Oleh: Afdhal Kusumanegara

Perilaku Negatif di Media Sosial: Konsep Baru Buta Huruf Era Milenial

datariau.com
2.988 view
Perilaku Negatif di Media Sosial: Konsep Baru Buta Huruf Era Milenial

DATARIAU.COM - Francis Fukuyama dalam The End of History and The Last Man-nya pernah menera sebuah ramalan jika sebuah negara harus berakhir. Fukuyama merumuskan bahwa negara sebagai bagian tak terpisahkan dari sejarah, tidak akan bisa bergerak tanpa hadirnya pertentangan dalam kesadaran manusia-manusianya. Artinya, sebuah negara akan berjaya jika masyarakatnya senantiasa menggunakan pikiran, karsa, dan alam budi luhurnya.

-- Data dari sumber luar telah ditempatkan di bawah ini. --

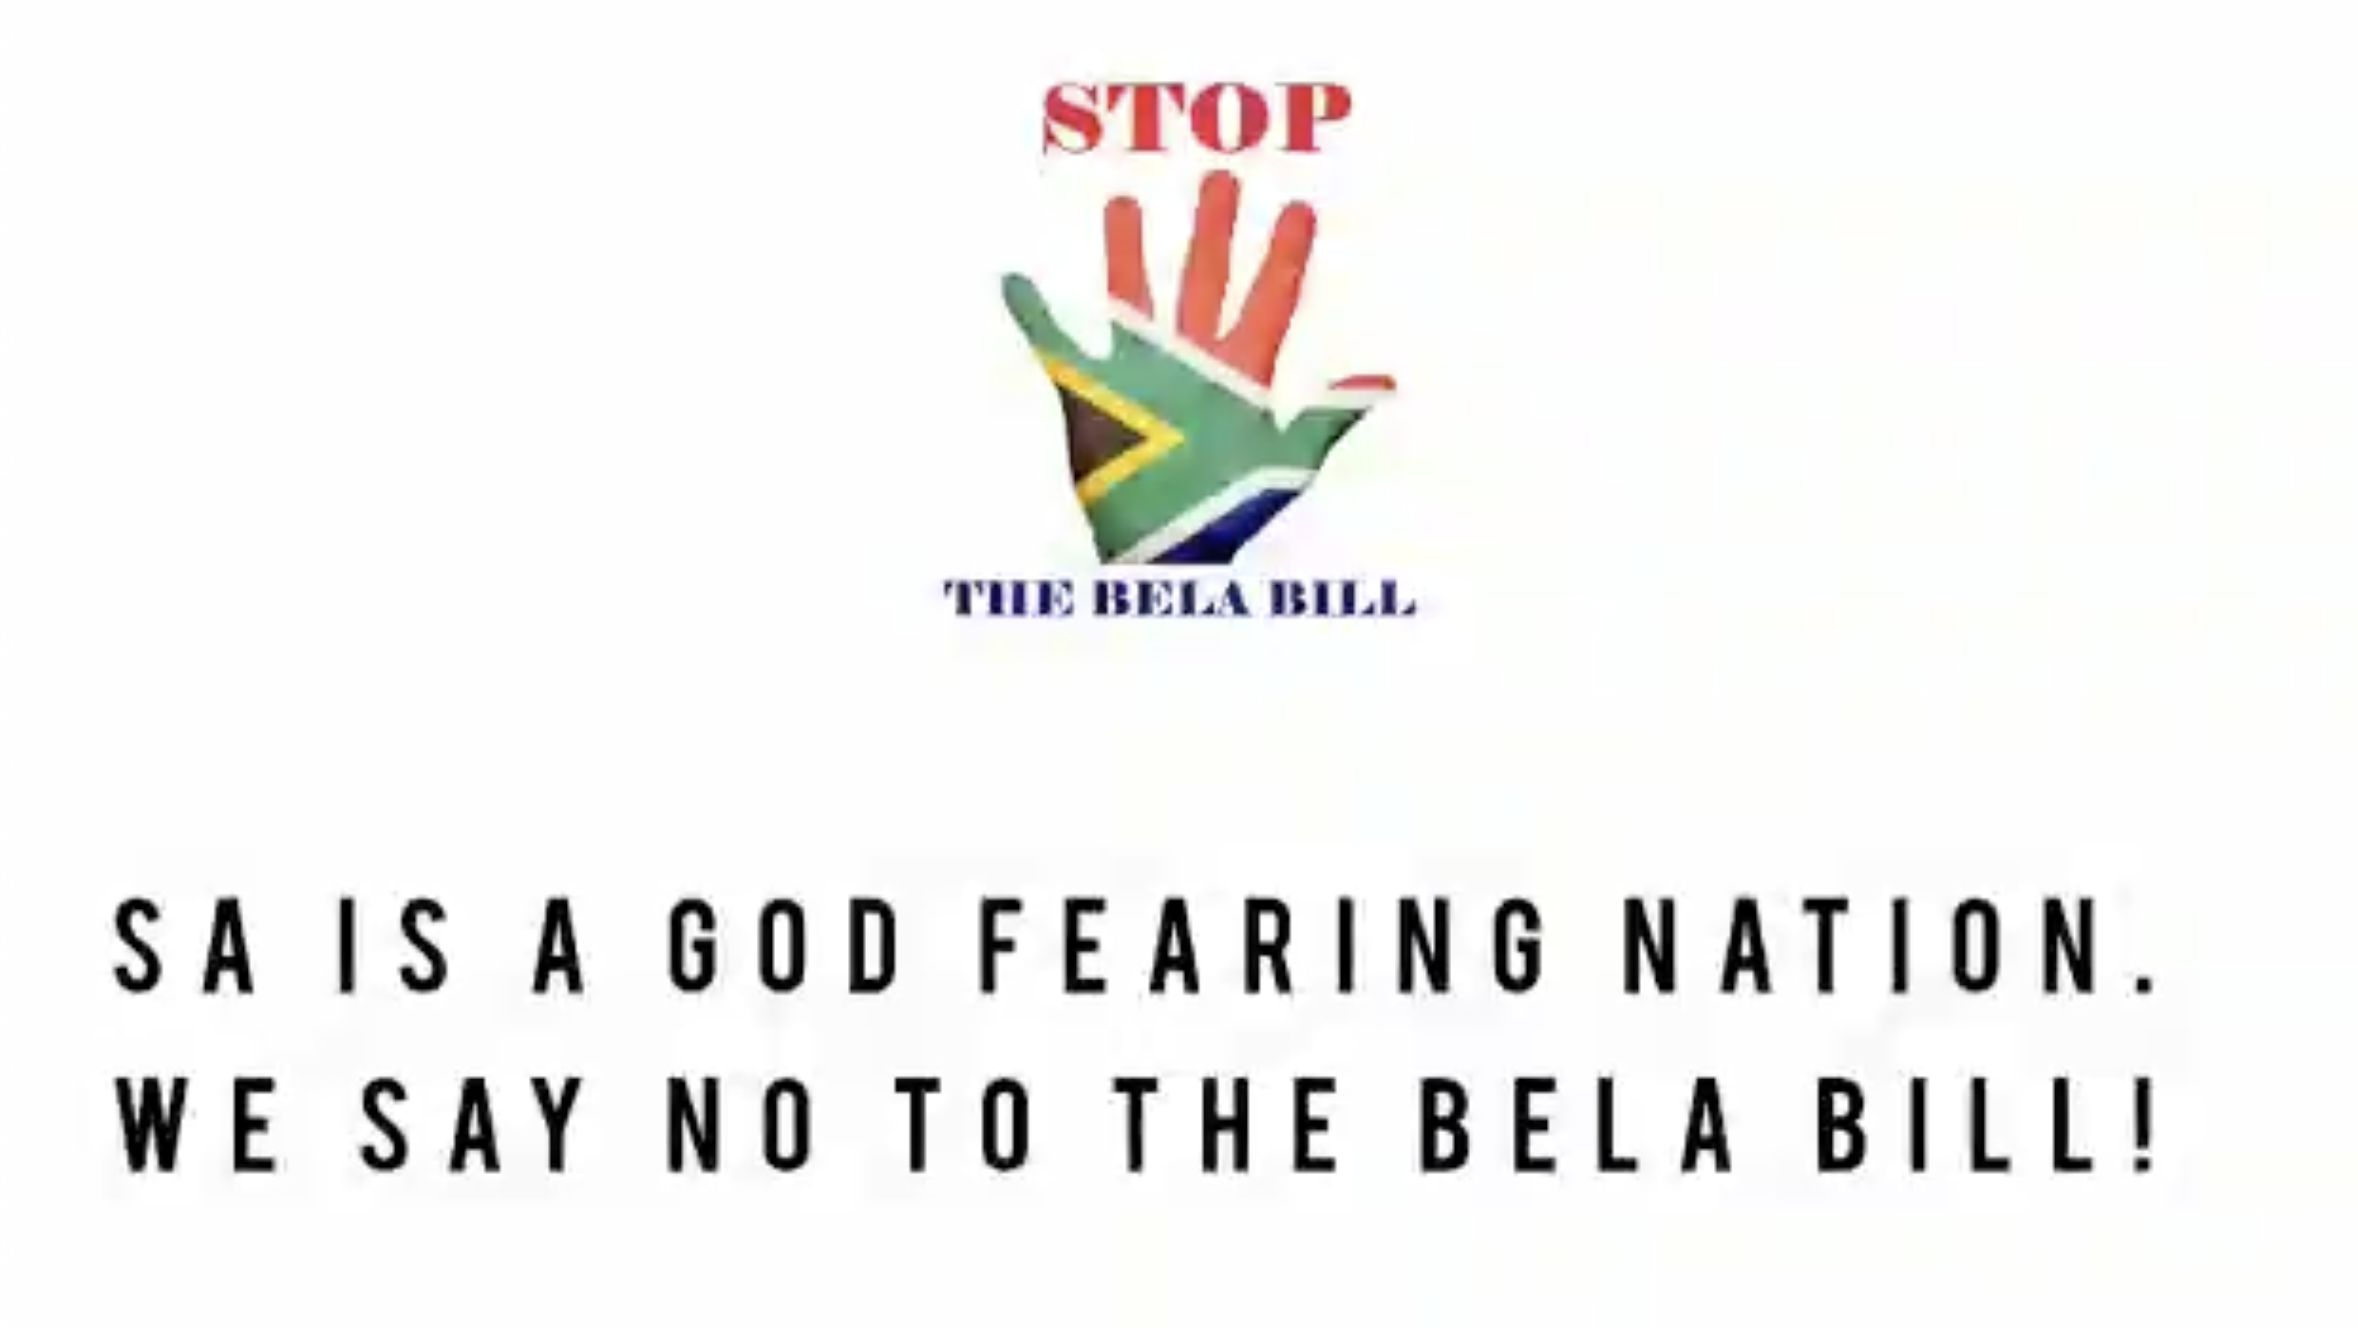 We say NO to the BELA Bill!
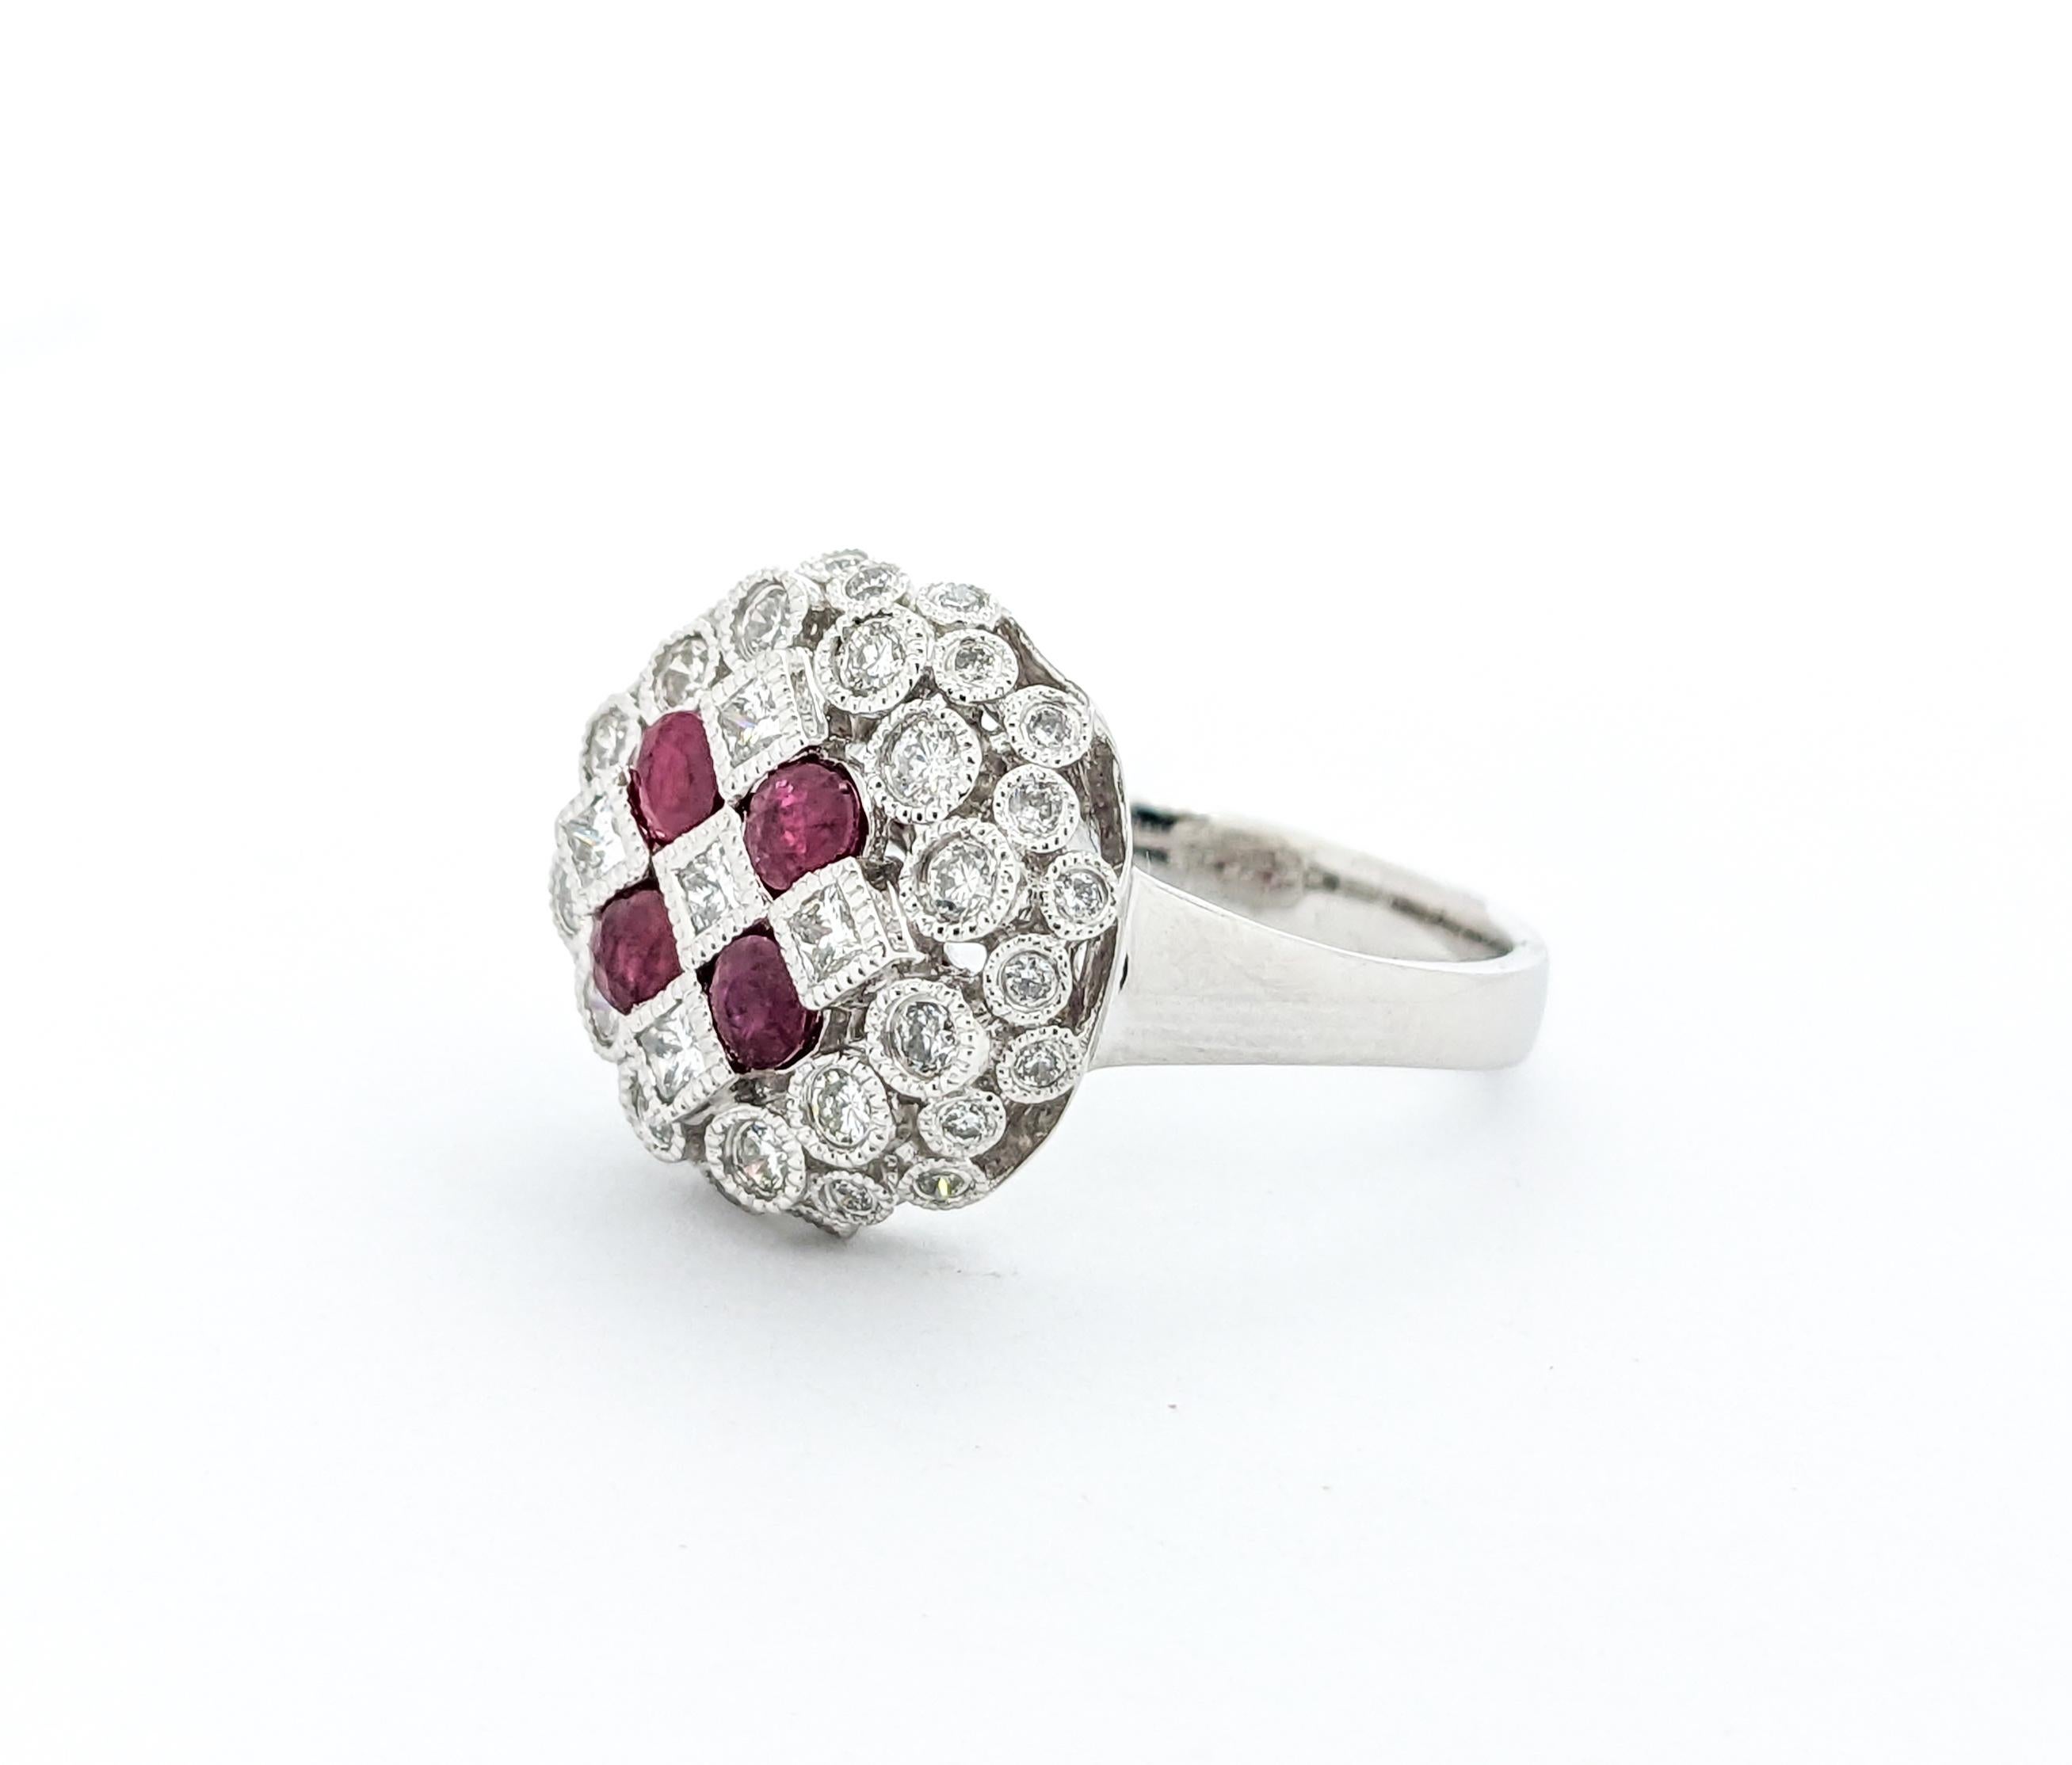 Bezel Set Diamond & Rubies Ring In Platinum In Excellent Condition For Sale In Bloomington, MN

Sebaliknya, sebuah negara akan tamat riwayatnya jika masyarakatnya sudah malas berpikir. 

Pertanyaan kemudian, apakah ramalan Fukuyama bisa terjadi di Indonesia? Apa yang bisa menjadi penyebabnya?

Angka-Angka yang Mencemaskan

Memasuki era modern, aksara Latin mendapat tempat untuk menjadi mitra Bahasa Indonesia. Penuntasan buta aksara Latin kemudian menjadi fokus pemerintah dari periode ke periode dengan istilah AMH (Angka Melek Huruf) dan ABH (Angka Buta Huruf). Pada awal kemerdekaan, masyarakat dengan ABH Latin mencapai 97%. Kemudian memasuki dekade 90-an, berdasarkan Data Indikator Pendidikan dari Badan Pusat Statitistik (BPS), jumlah penduduk yang belum bisa baca-tulis sebanyak 15% dari 180 juta jiwa.

Untuk tahun 2018, Survei Sosial Ekonomi Nasional yang masih bersumber dari BPS menyatakan bahwa masyarakat yang buta huruf tersisa 1,93% dari total jumlah penduduk 264 juta jiwa. Meskipun angkanya sudah sangat jauh berbeda, namun perjuangan mengaksarakan masyarakat belum tuntas.

Belum sempat mengentaskan buta huruf Latin, kita sudah diperhadapkan pada era baru, rezim teknologi dan informasi. Perangkat komputer, ponsel pintar, dan media sosial menjadi urat nadi. Ruang dan waktu seolah menyempit dan menyingkat. Dunia yang Dilipat, demikian buku Yasraf Amir Piliang menggambarkan kondisi dunia saat ini. Bacaan, informasi, bahkan regulasi pendidikan semua berpindah ke perangkat-perangkat elektronik. Kaum milenial pun terkadang kewalahan mengikuti perkembangannya yang amat cepat.

Pergerakan dunia ke depan memang diperkirakan akan terfokus pada 4 pilar teknologi; intelegensi artifisial yang akan membantu tiap inci kebutuhan manusia, jaringan 5G yang akan membuat dunia terasa berlari, big data yang menjadi area bisnis baru, dan OS (Operating System) yang akan menghubungkan semua alat yang kita pakai. Orang bisa saja mengatakan; tidak ada lagi kebutuhan yang tidak ada atau tidak melalui internet.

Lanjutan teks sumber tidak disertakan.